To celebrate Father’s Day, six dads reflect on this momentous role; what they know, what they’re still learning – and how kids can stretch you further than any job.
Alain de Botton // Founder of The School of Life, Philosopher + Dad to Solomon and Saul
It’s a fictional creation called ‘being a father’ and I don’t think that’s a problem… but it’s a heavily edited version of me and it means, in a way, me putting aside a lot of my own needs and desires, really to be focused on somebody else. Which is kind of an odd role to play: I’m at the service of my children in many ways as a father. They love to tell me how stupid I am and that I don’t understand anything at all about anything – it’s very important to them constantly to tell me this and it certainly brings you down to earth.

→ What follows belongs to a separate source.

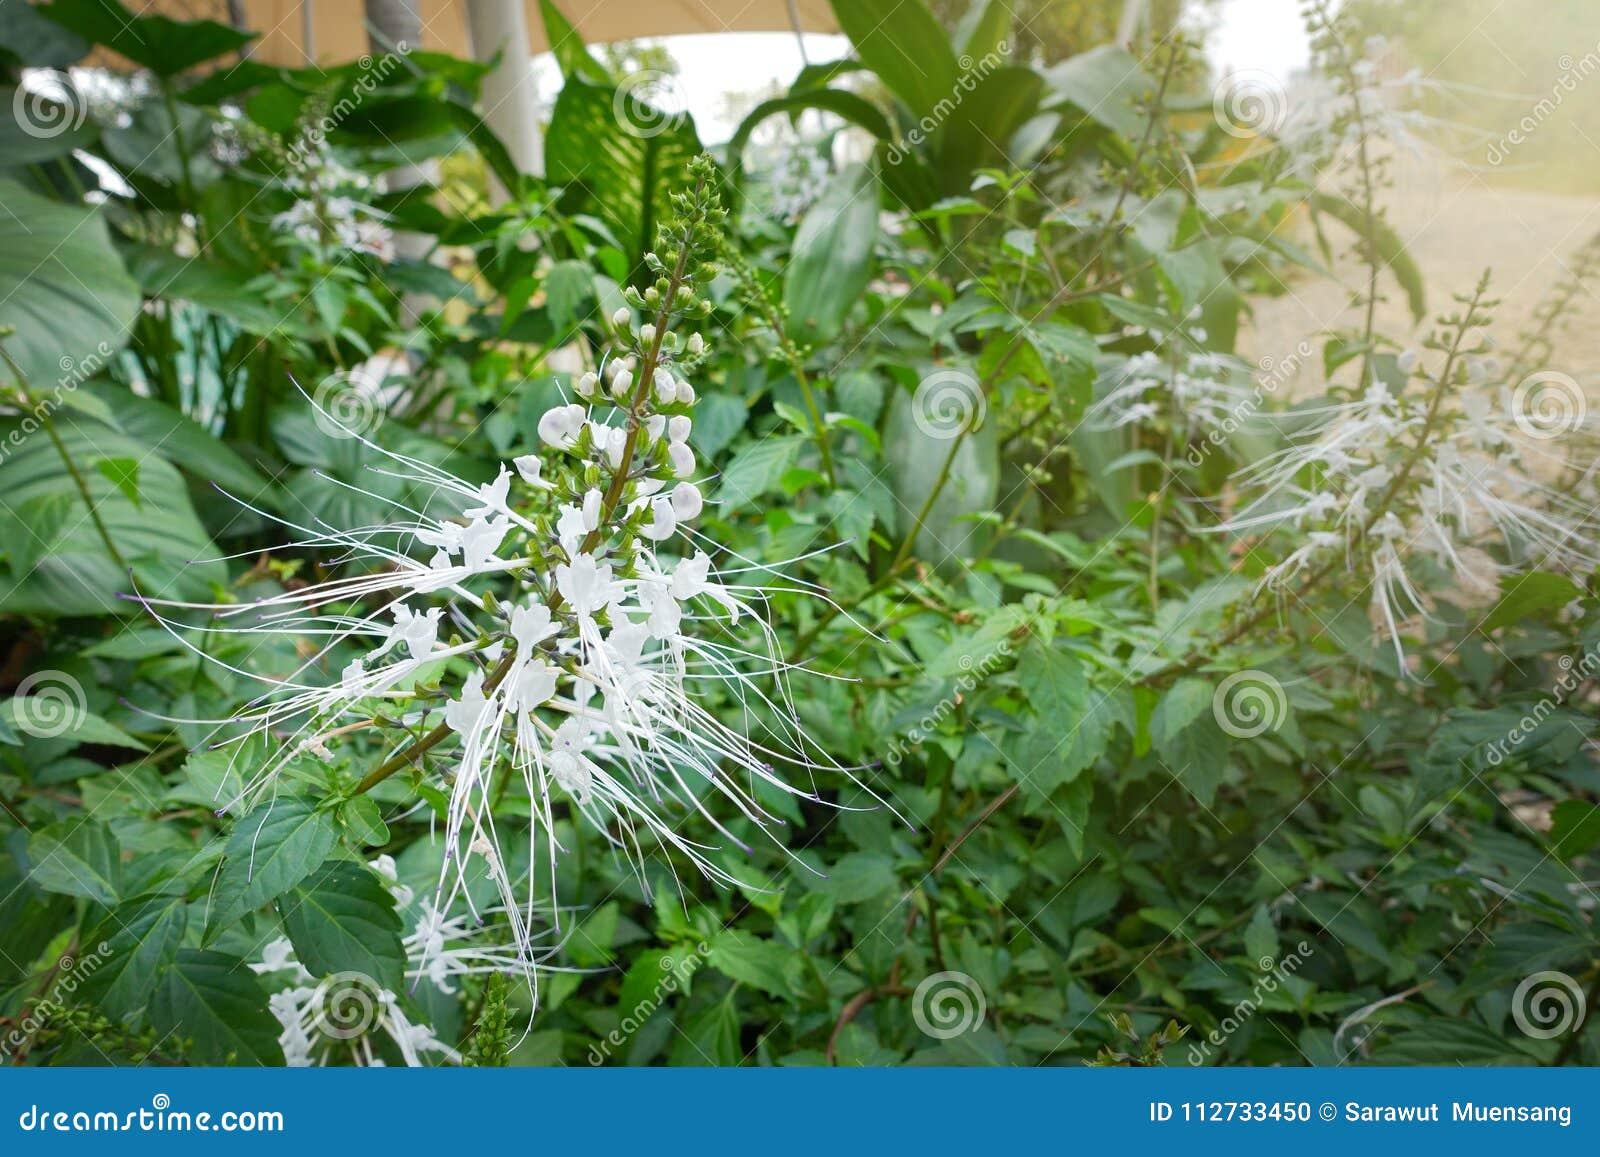 White Spider Flower In Botanical Garden Stock Photo Image Of Human

But it also expands you; I hated sport all my life and I have a younger son who’s a sports fanatic and it’s through him I’ve discovered that actually, watching a game of football is something that could be possible for me and I’d never ever had imagined that I would do that, but I do that. So they stretch you, in unusual and interesting ways.
Blake Mycoskie // Founder of TOMS + Dad to Summit
I think the best thing I’ve done is just give [my son] undivided attention. We have a policy where we have no phones, no computers in the same room that he’s in so we don’t find ourselves distracted when we’re spending time with him. In the house, if I need to go do some emails or make a phone call, [my wife] Heather will go watch him and I’ll go do that and… I’ll come back to him and give him my full attention. I think that’s a really important practice to get involved in because he might not totally understand it now, but definitely in another year it will have an impact. So I try to make the time I am with him very, very high quality, and very, very intentional.
Charlie Wood // Managing Director of Dropbox ANZ + Dad to three
I’m now a lot more conscious of my own actions and activities. I’m very conscious of time. Now that my kids are out of the toddler phase, I really try to minimise my business travel and avoid late nights at the office. It’s an incredible time to be together as a family and being present is very important to us all. One thing I’ve noticed recently is the change in the change. As the kids move through their stages of life I have to change my position as a father. We’re not just kindergarten-carers now – we’re responsible for helping form their world views, their values as well as their sense of humour and taste in music.
Mark Newman // CEO and MD at Oroton + Dad to Emily, Annabel & Julia
Fatherhood is the single most important thing I have done in my life. [It has] fundamentally changed many things about me from that day forward. The obvious sense of responsibility is more than compensated for by the enormous sense of joy and happiness the girls have given me, and I have learnt to be a more patient and understanding person. [I was surprised to learn] that no matter how much you tell yourself you will not do
to your children what your parents did to you, you end up doing exactly that. And how much money it costs – although they are worth every penny!
Tim Cahill // Fashion Designer at Cahill+, Soccer player + Dad to Kyah, Shae, Sienna and Cruz
I think the main thing for me is just to have fun. I suppose it’s hard because I want to be the ‘fun dad’ but at the same time I like them to be disciplined. I hate it when I miss their soccer games and I hate it when I miss stuff. But I think if you can capture the moments and give them your attention, which they need, I think that’s most important. I’ve got four kids so I understand that time with them is important… I tell them I love them and hug them, even if they’re naughty. I think that’s what’s most important for any dad, is to give your kids love and affection. Just support. Support them in what they do. You can’t be too hard on them, especially when it’s [about] football or stuff like that; the main thing is just being there for them.
Tony Ward // Managing Director of SurveyMonkey APAC + Dad to Bella
I know it may sound like a cliché, but fatherhood has made me stop and appreciate the small things. I get great joy watching my eight-year-old figure things out and growing up to be a strong, confident woman. [There’s] so much joy and pride in herself when she does new things. The most surprising thing about being a dad is how hard it is to be a good parent! To be present and attentive with all the noise that is in our daily lives and to focus on what is truly important.